There's more. The female lead is Rosella Brescia, famous prima ballerina and screen star in Italy.
And Loreena McKennitt, the acclaimed Celtic singer, is featured as the voice of, well, God herself.
This, says Charly, is thanks to the efforts of the inimitable Dale Hildebrand, who is director and producer as well as co-writer. So it's a bit of a misnomer to call this Chiarelli's film. It's as much Hildebrand's.
But the story grew out of Chiarelli's oeuvre, if we can use a fancy word but one which happens to apply. Plays like "Cu'Fu," "Mangiacake" and "Sunamabeach" (all brought along by director Ronald Weihs of Hamilton's Artword Artbar), plays which draw on the language, music, humour and passion of Chiarelli's Racalmutese/Hamiltonian roots.
"Road To The Lemon Grove," in that comic vein, tells the story of Calogero, a North American of Sicilian descent, whose father Antonio dies (as in "Cu'Fu," the death of a father is a prominent theme) but before Antonio can get into heaven, God (McKennitt) tells him he must repair his relationship with his son and get his son to settle a feud between two families in Sicily.
So Calogero, a linguist, finds himself unwittingly embroiled in a conflict thousands of miles away, above and beyond which he has to scatter his father's ashes over a disputed Sicilian lemon grove.
Naturally, hilarity ensues and so does a love story.
Chiarelli, with the aid of makeup and special effects, plays both son Calogero and father Antonio (as both an old and young man) as well as a mystery woman, and Tomaso Sanelli ("Titans") plays Calogero as a boy.
"We made Calogero a linguist to underscore the loss of languages and dialects, and the loss of identity that results from that," says Chiarelli, who has a master's degree in social work. "We use the Racalutese language in the film."
Related to that theme is the gulf between generations that can open up when first arrival immigrants, who might come with backgrounds like farming, have children with PhDs and careers in the professions. But it also means they can "open up new realities," to each other.
In the movie, it is one of the father's great hopes for his son that he correct a lack in his life. "He (Calogero) has never touched the earth."
"Road To The Lemon Grove," some three years in the making, grew out of Hildebrand interviewing Chiarelli in a documentary the former made about Italian immigration in Canada.

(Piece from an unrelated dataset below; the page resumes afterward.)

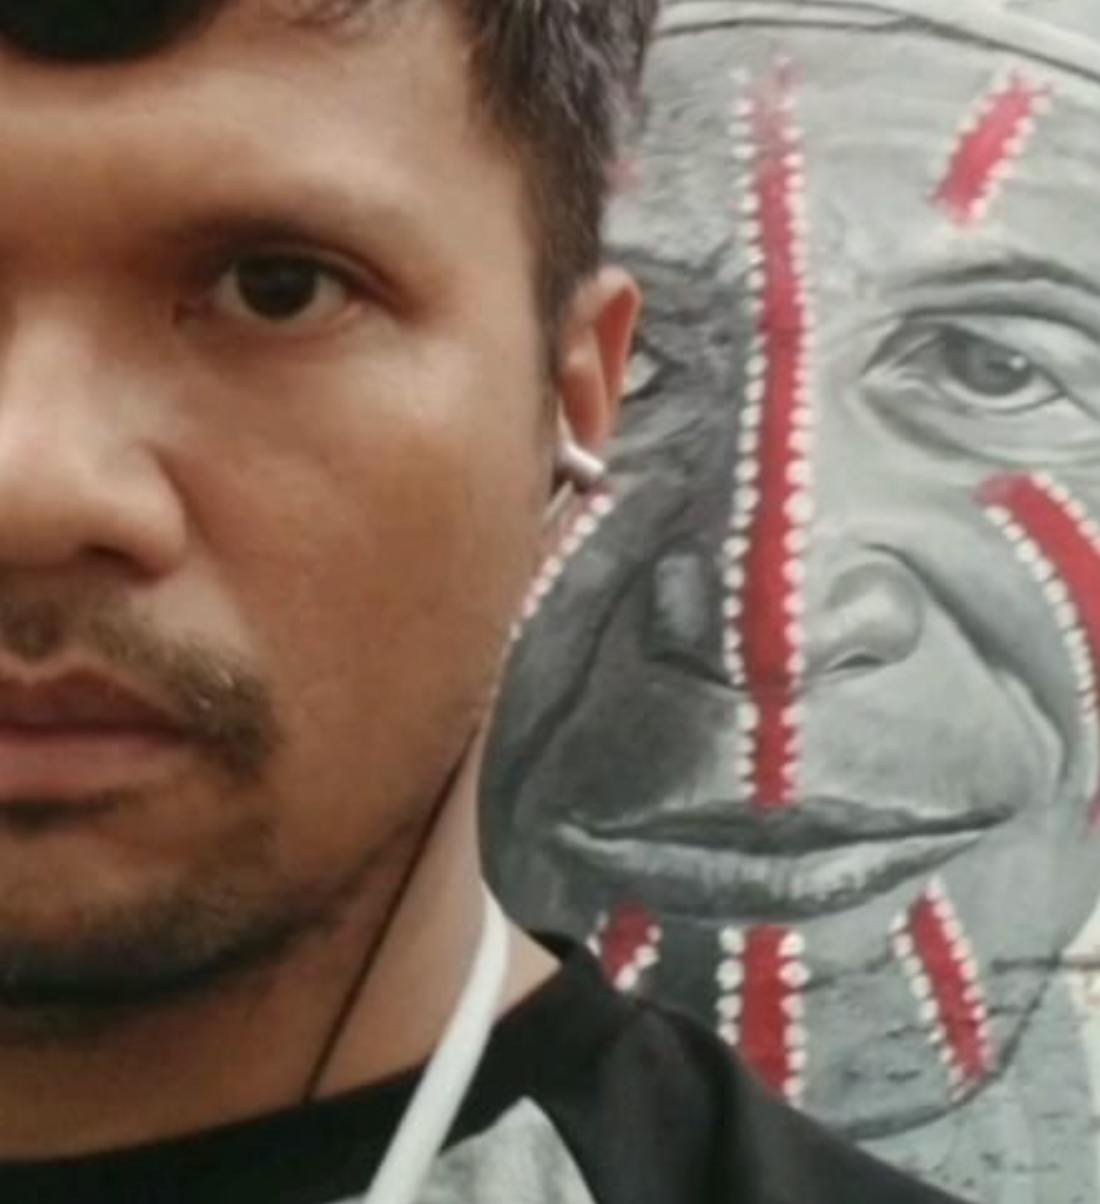 Shaq Koyok, 37 year-old Indigenous artist and activist

It is a movie, says Chiarelli, an accomplished harmonica player, in which "love abounds." Love, in all its meanings, including reconciliation and appreciation for the sacrifice of ancestors and, not least, love of music, which is featured prominently in the movie, including from Hamilton's Rita Chiarelli and The Acoustics.
Awards for 'The Road to the Lemon Grove' * Cirs Award at the Taormina Film Festival (Sicily) for Best in Cultural and Social Achievement
* Best in Italian-Canadian Cinema at the Italian Contemporary Film Festival; the Excellence in Performance Award at the Italian Contemporary Film Festival.
* Best Comedy Feature at Edmonton International Film Festival.